# Writing Beginnings



## Concrete Hero (Jun 9, 2008)

_Incest!_

Bet that scared you! And as much as I love you’re fear/puzzlement, the real reason was to get you to read this sentence. So a single seven character word it may have been, it did it’s job.

The beginning of you’re story is very important! It determines whether or not the rest of the story gets read at all!

The 40K Fiction area (Original Works) is mostly made up of Short stories, as well as a few beginning of budding novels. The two can have different starting styles but in my opinion NOTHING beats a snappy start. With a short story you have to grab you’re reader’s attention instantly. With a longer story you can give yourself about a paragraph of room.

Here are a few ideas of how to start a story:

•	A Command –Usually with a character or the narrator addressing the reader

•	A Question –Same as above

•	A Quotation –The way I started Roots of Betrayal (Check the sig if you want 
an example)

•	An Action 

•	A Sound Effect -DAKKA DAKKA DAKKA! (That’s how they really 
sound… Not a quotation at all 

•	A thought (Very similar to quotation)


There are a few ‘Major’ ways to start a story (these are not set in stone, but the categories that nearly all beginnings fall into)

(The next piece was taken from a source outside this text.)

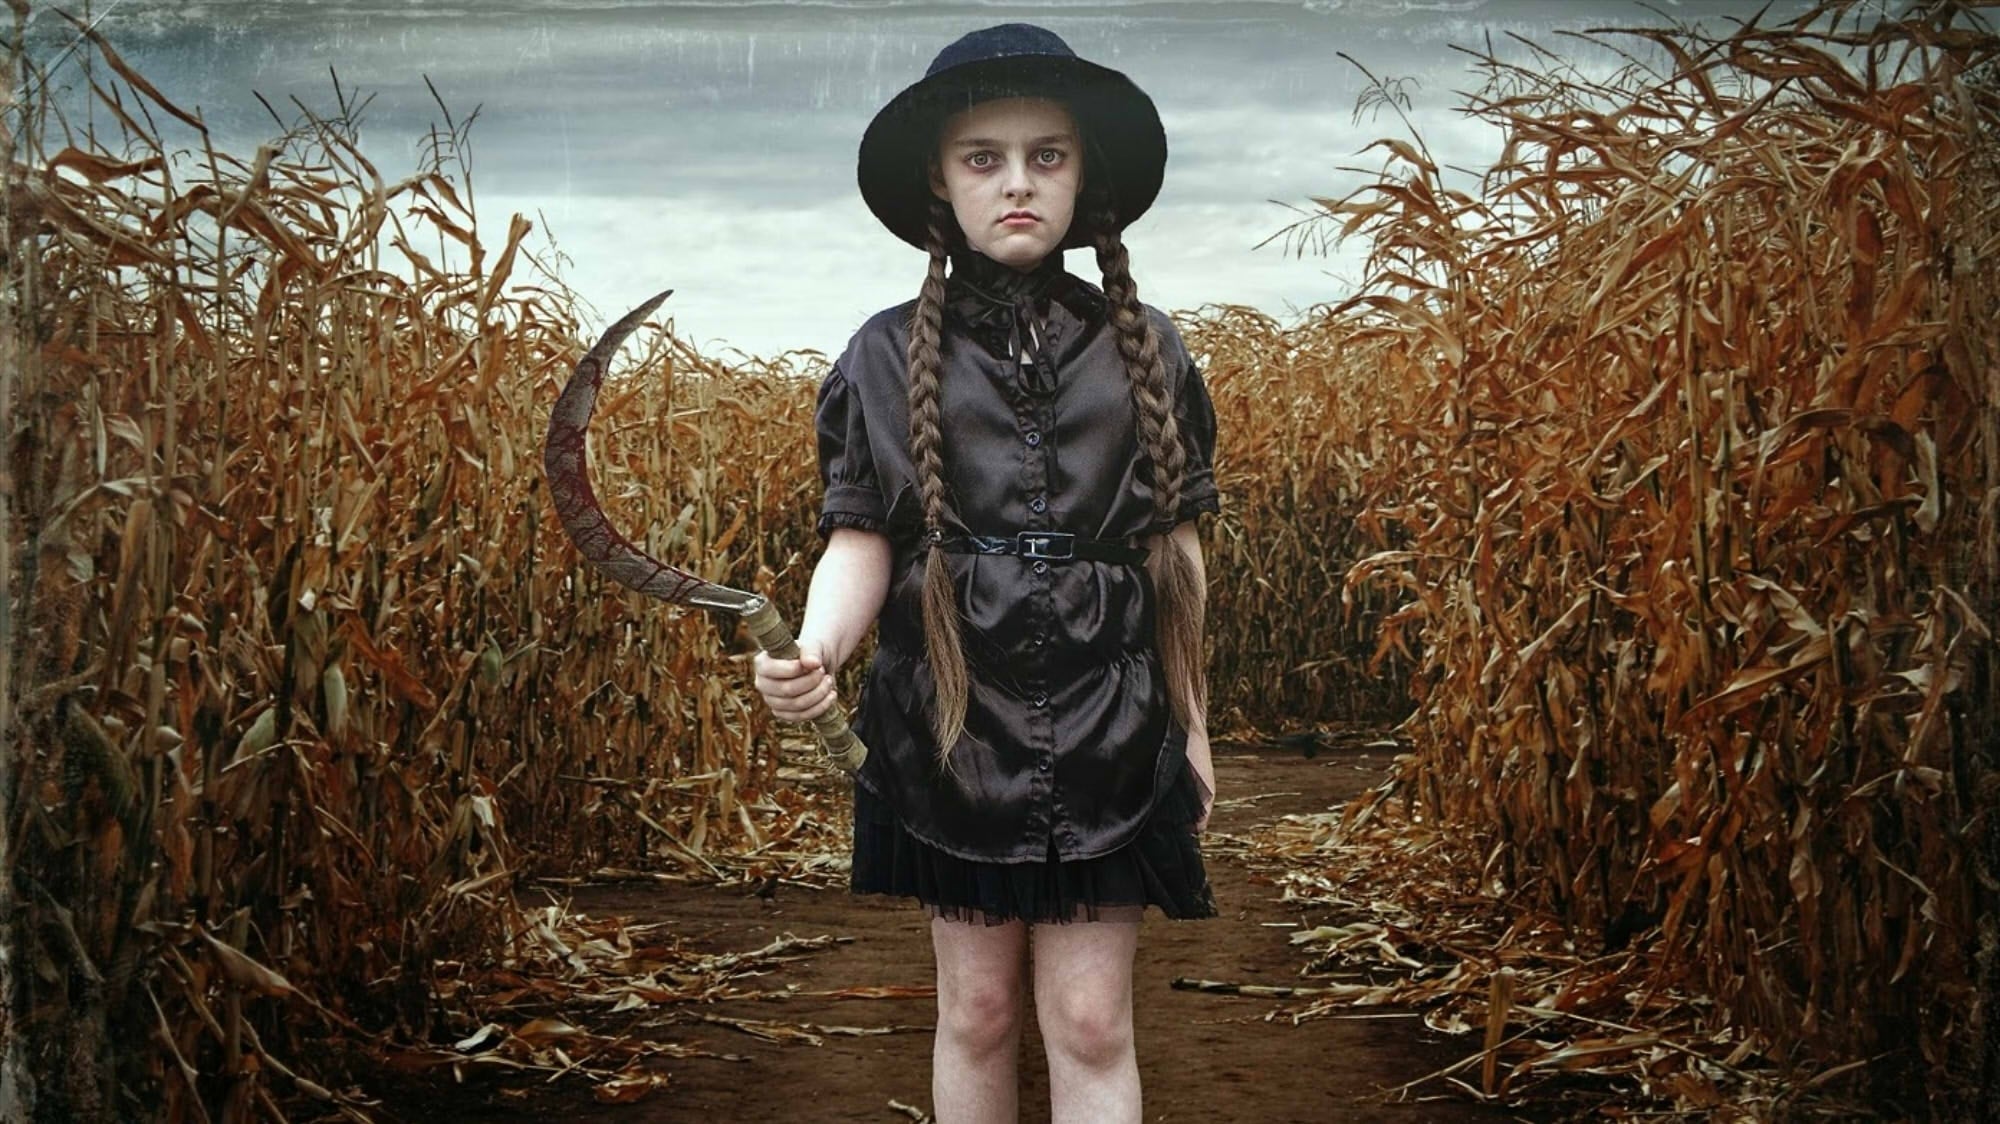 Children of the Corn: Runaway

Creative/Evocative/Suggestive (ooh err) Description: This can be quite difficult as nothing is really happening… But if you do it right, the reader won’t be able to resist continuing. “_The air was warm and breezy. The night was clear and the sky was filled with stars. It was a lover’s sky. The sky young people, madly devoted to one another, would lie out in the grass to behold. Night diamonds twinkling in their own passionate eyes_” (_Imm0rtal Reaper/Anthony Cerrato_) “_Darkness. Dust. The musty odor of old furniture and draperies. The stifling inability to draw a free breath. The cold, paralyzing terror. And the furtive steps drawing nearer and nearer!”_ _The Mystery of the Empty Room (Augusta Huiell Seaman.)_ 
If you want to start with a static description, then you have to include some pretty dazzling imagery!

A second avenue to go down is to start by introducing a character 
_“The hooded man slowly walked from the tree line towards the now dead camp fire. The figure moved with an eerily smooth gait, floating across the soil. He was too late to catch them sleeping, but it mattered not, the hunt added to the sweet release of the kill. The man took down his hood to reveal a simple but imposing mask of steel. Flat upon the cheeks and meeting to a slight ridge in the centre, it was as much an aesthetic choice as a protective one. 
He moved towards the camp fire and took a handful of ash. He drew it close to where his nose lay beneath the mask and took a great draught of air.
“East” he whispered, his voice deep but soothing.
A northerly breeze swept his cloak and his long dark hair to the side. Replacing his hood he mounted his steed again and set out east.”_ –The reader wants to know more about the character so surges forward.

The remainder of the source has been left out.